Acute rheumatic fever and acute PSGN are the classic nonsuppurative complications of S pyogenes infections. Although the link between group A streptococcal infections and these complications has been clearly established, the mechanism or mechanisms through which the injury is produced are incompletely defined.

  • Acute rheumatic fever
    • During the 1960s and 1970s, this disease nearly disappeared in the United States, although it continued unabated in developing countries. This decline in disease was largely attributed to careful disease surveillance and initiation of prompt aggressive antibiotic therapy in primary care practice. However, in 1985, several multifocal outbreaks of rheumatic fever occurred in several parts of the United States. In contrast with earlier outbreaks in this country, most of the patients were white, middle-class children from rural and suburban communities who had good access to health care. This unexplained resurgence in acute rheumatic fever underscores the point that a great deal remains to be learned about the pathogenesis of this disease.
    • Epidemiologically, considerable evidence supports the link between group A streptococcal infections of the upper respiratory tract and acute rheumatic fever, although only certain M group serotypes (ie, 1, 3, 5, 6, 18, 24) are associated with this complication. Very mucoid strains, particularly strains of M type 18, have appeared in numerous communities prior to the appearance of rheumatic fever. Rheumatic fever is most frequently observed in children aged 5-15 years (the age group most susceptible to group A streptococcal infections). The attack rate following upper respiratory tract infection is approximately 3% for individuals with untreated or inadequately treated infection. The latent period between the group A streptococcal infection and the onset of rheumatic fever varies from 2-4 weeks. In contrast to PSGN, which may follow either pharyngitis or streptococcal pyoderma, rheumatic fever can occur only after an infection of the upper respiratory tract.
    • Despite the depth of knowledge about the molecular microbiology of Streptococcus pyogenes that has accumulated in recent years, the pathogenesis of acute rheumatic fever remains unknown. A direct effect of a streptococcal extracellular toxin, in particular streptolysin O, may be responsible for the pathogenesis of acute rheumatic fever, according to some hypotheses. Observations that streptolysin O is cardiotoxic in animal models support this hypothesis, but linking this toxicity to the valvular damage observed in acute rheumatic fever has been difficult.

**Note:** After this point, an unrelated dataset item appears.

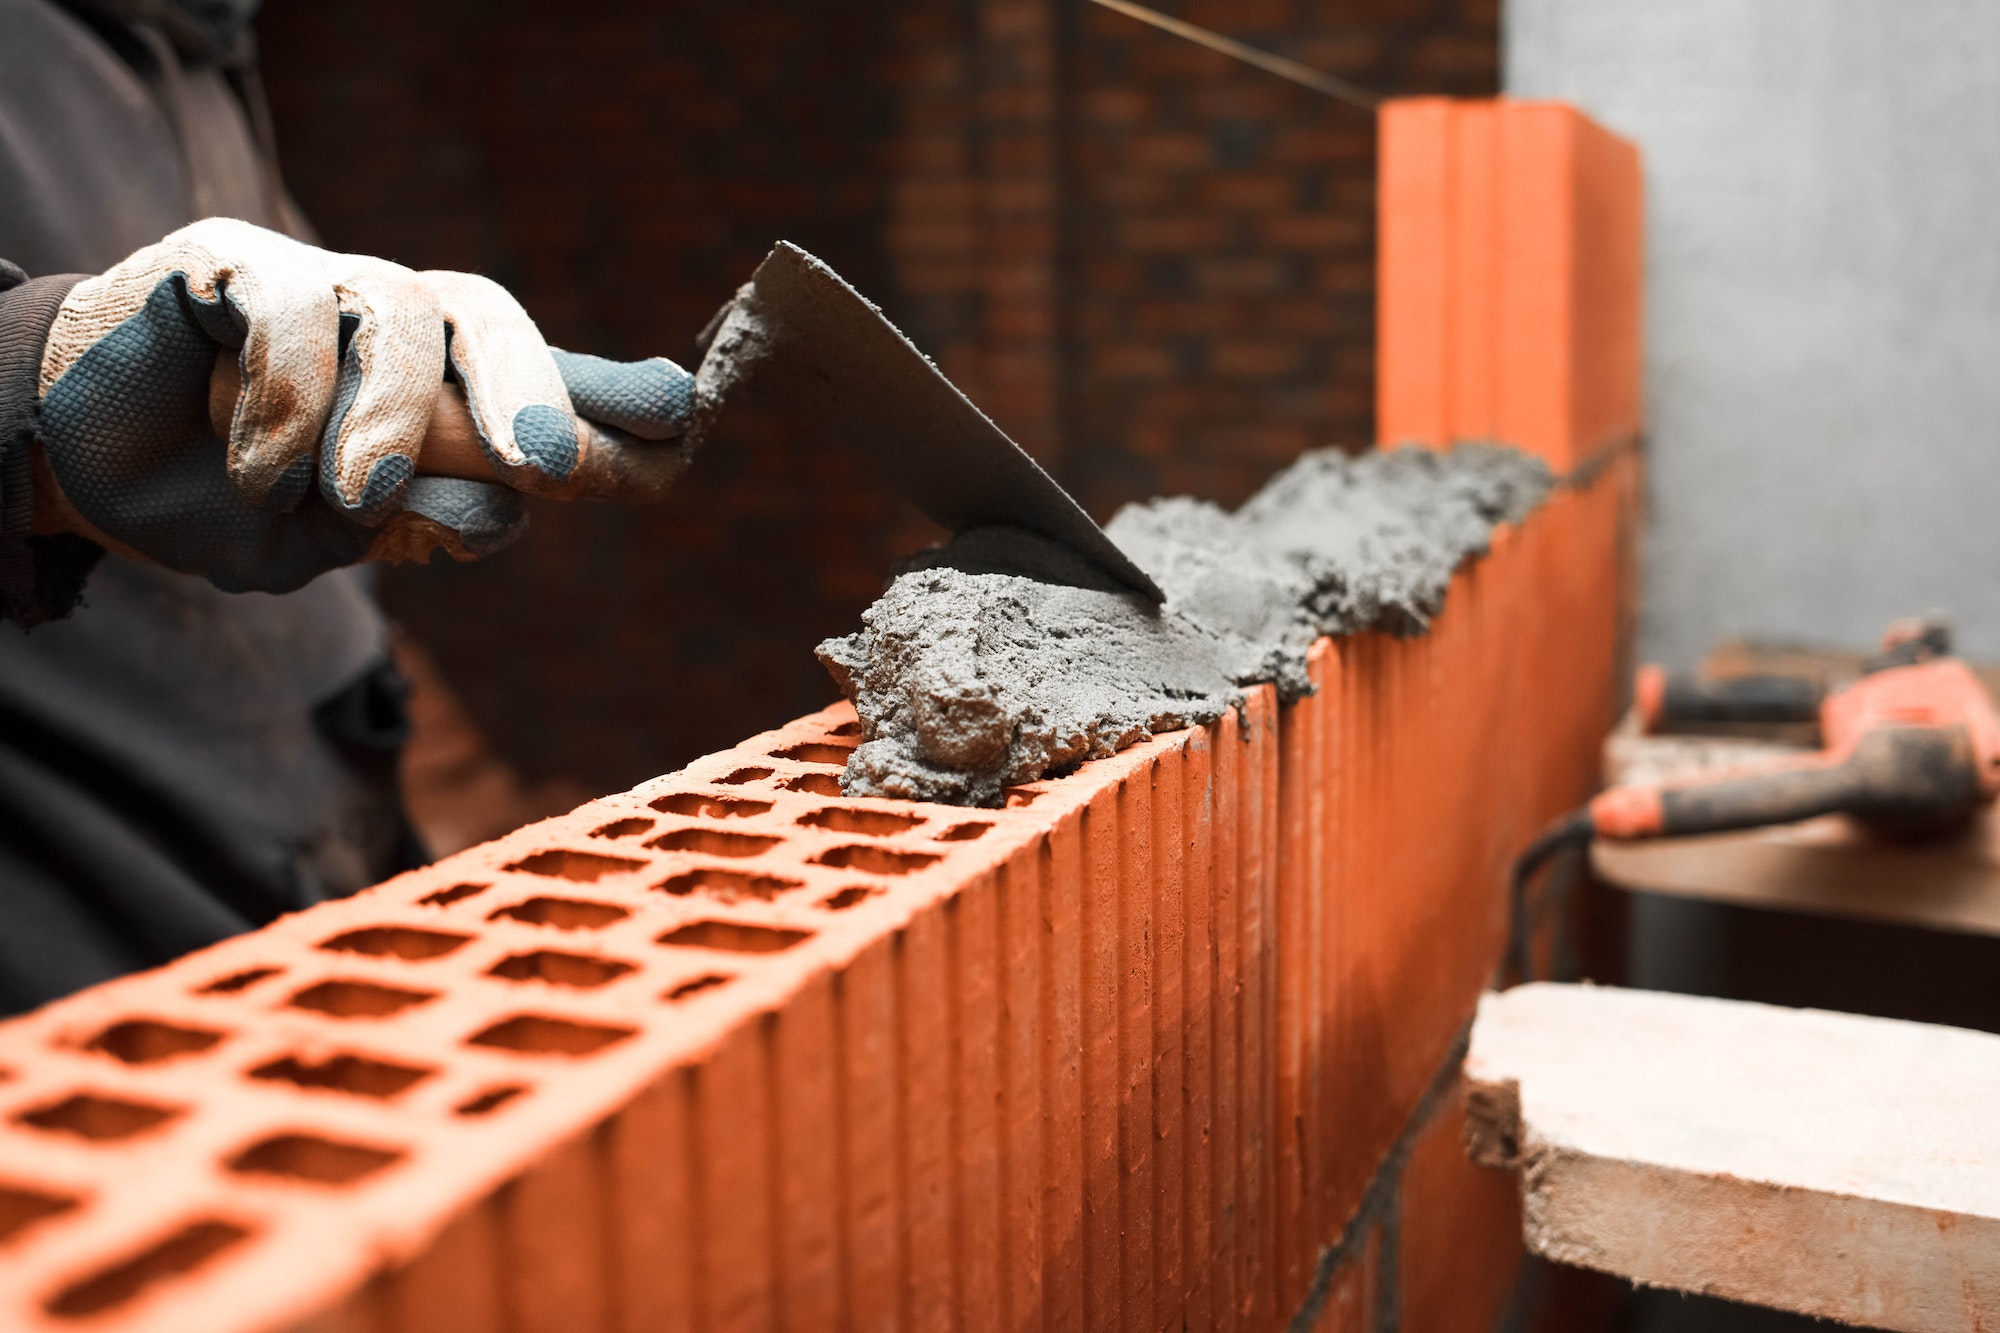 Bricklayer puts bricks to make a wall
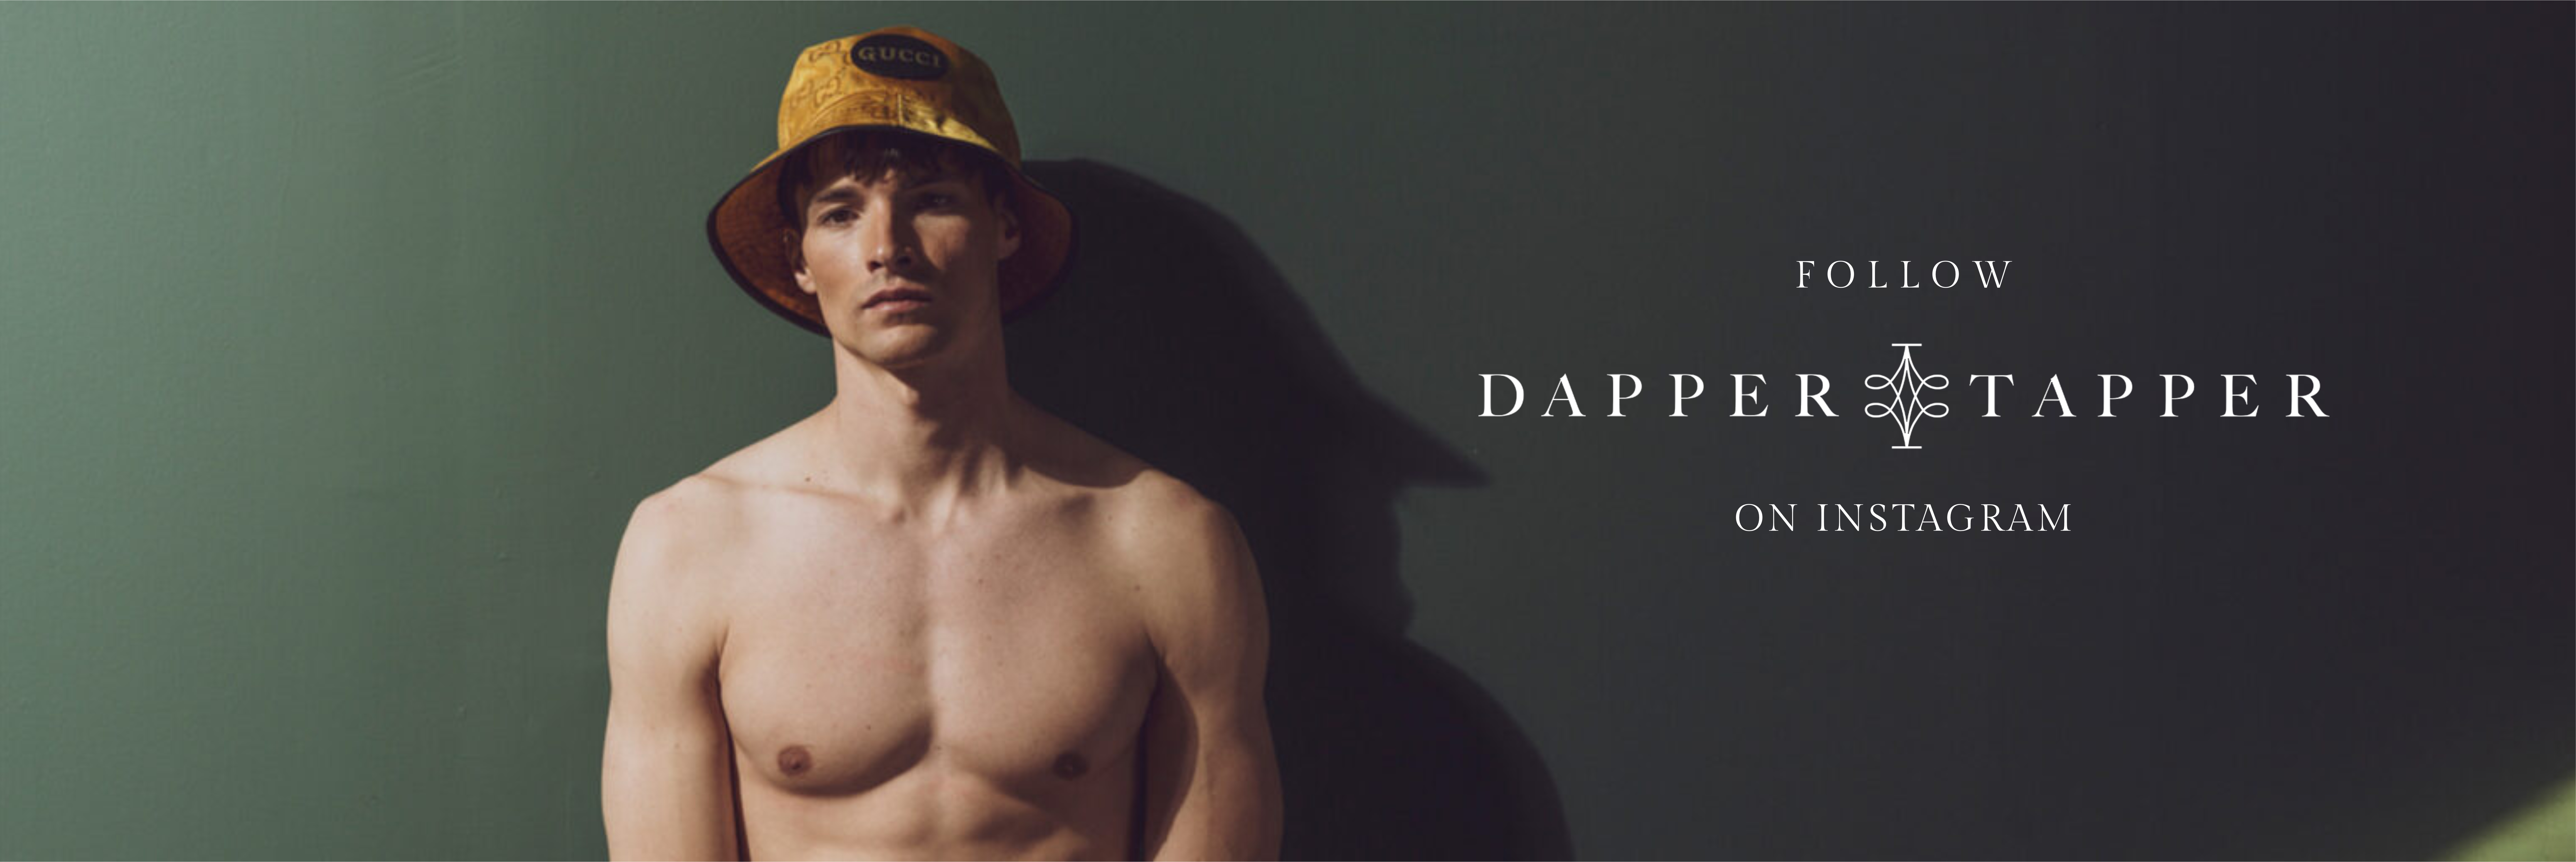 Follow Dapper Tapper on Instagram

    • A more popular hypothesis is that an abnormal host immune response to some component of the group A Streptococcus is responsible. The group A streptococcal M protein shares certain amino acid sequences with some human tissues, and this has been proposed as a source of cross-reactivity between the organism and human host that could lead to an immunopathologic immune response. Also, antigenic similarity between the group-specific polysaccharide of S pyogenes and glycoproteins found in human and bovine cardiac valves has been recognized, and patients with acute rheumatic fever have prolonged persistence of these antibodies compared with controls with uncomplicated pharyngitis. Other group A streptococcal antigens appear to cross-react with cardiac sarcolemma membranes.
    • As a result of this molecular mimicry, during the course of the host's immune response to the group A streptococci, the host's antigens may be mistaken as foreign; this leads to an inflammatory cascade with resultant tissue damage. In patients with acute rheumatic fever with Sydenham chorea, common antibodies to antigens found in the S pyogenes cell membrane and the caudate nucleus of the brain are present, further supporting the concept of an aberrant autoimmune response in the development of acute rheumatic fever.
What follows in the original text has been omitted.